A guide for the solo programmer

I have created a planning and organization process for developing software. The process works for me. I need to organize my work ahead of time or I get stuck working on unimportant details.

I have built minimalism into the process. I tend to work alone. Solo programming imposes very real limitations on the scope and completeness of software. One man can only do so much.

My process includes nothing that cannot be found in Worse is Better, The Cathedral and the Bazaar, Paul Graham’s writing, and Getting Real. These are well-written and well-known works. I thought I understood them when I read them, but I was wrong. It wasn’t until recently, after projects stalled and failed due to feature creep, that I understood the essence of the release early, release often idea. I have attempted to formalize the idea to be more actionable instead of philosophical.

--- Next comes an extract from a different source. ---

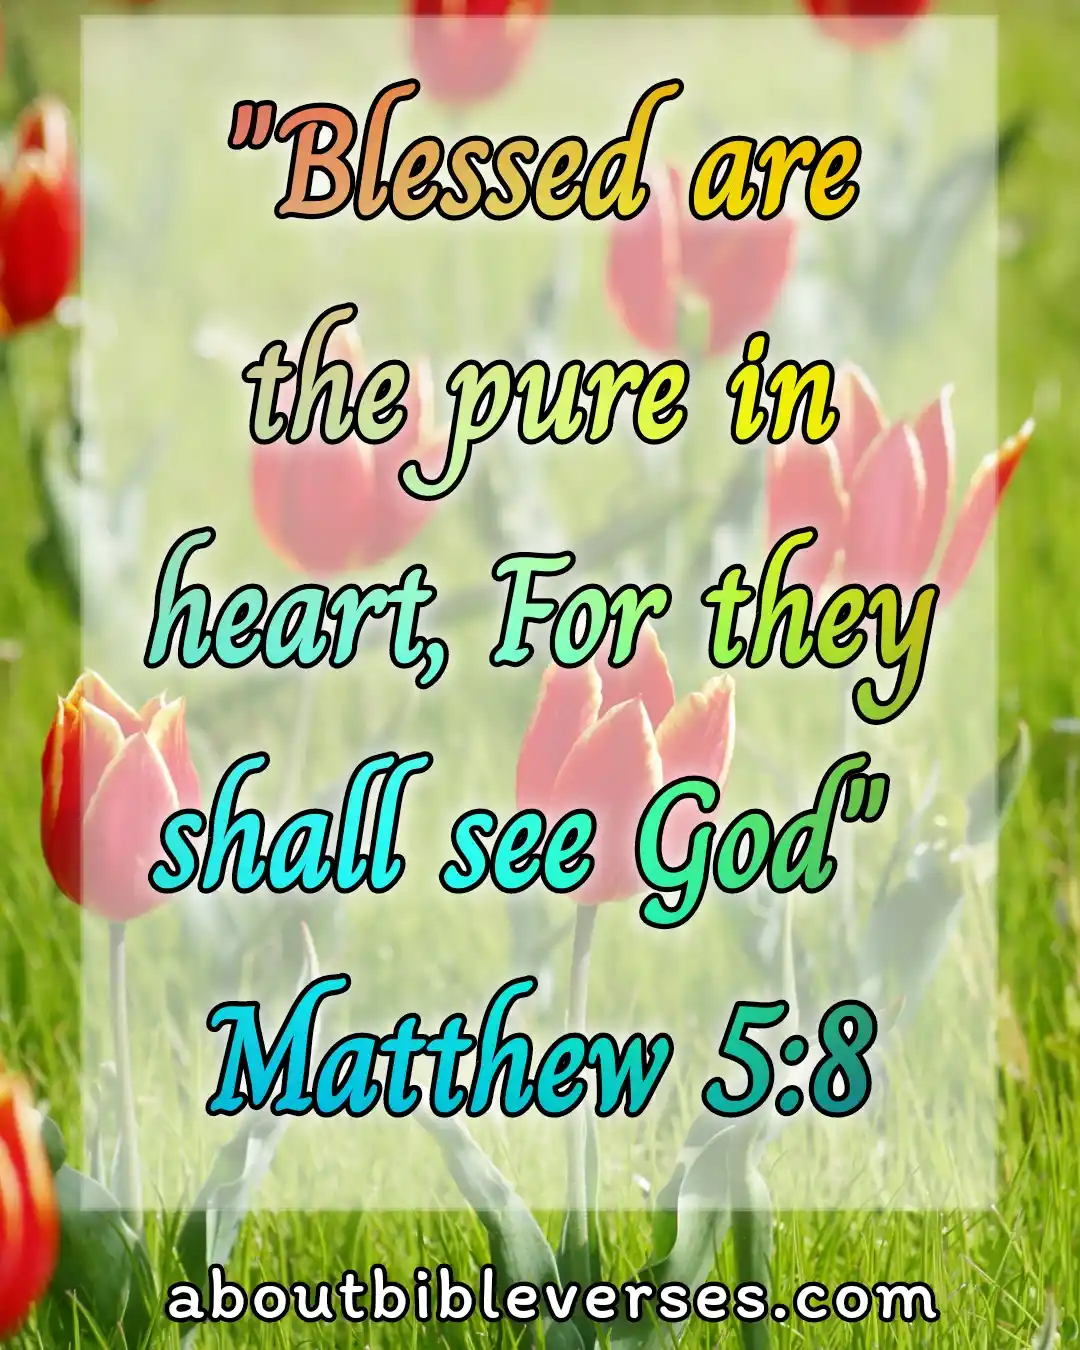 today bible verse (Matthew 5:8)

Here is my hard-earned process for writing software. Note that this is not a strict algorithm. Sometimes I will apply filters from Step 2 when I am doing experiments in Step 3.

  1. Choose a purpose.

    The software must serve a single purpose. Clearly defining it will illuminate the entire software process.

  2. For each release:

    1. List features.

      List out all of the features you want in the software. Not all of these will make it into the release, but if it is not on this list, it will not make it into the release.

    2. Apply the following filters and transformations, in any order, repeatedly, until there is nothing further to filter out from the list of features.

      • Break features into subfeatures.

        If a feature can be broken into two features, do it. All features must be atomic. For instance, an easy one would be if I want to send messages by email and through a web API, that’s two features. Rule of thumb: if it can break, it’s a separate feature.

      • Eliminate unnecessary features.

        Features that are not essential to the purpose are unnecessary. Features that can be put off until the next version are unnecessary. In the above example, maybe email can wait until the next release. If it can wait, it will wait. You are trying to make a B line to release.

      • Fill in “hidden features”.

        Remember, if it can break, it’s a feature. Sometimes there are features that need to be listed because of the existence of other features. If you support two different communication channels, you need a way to choose between them. Whatever mechanism presents that choice is a feature, too. List it.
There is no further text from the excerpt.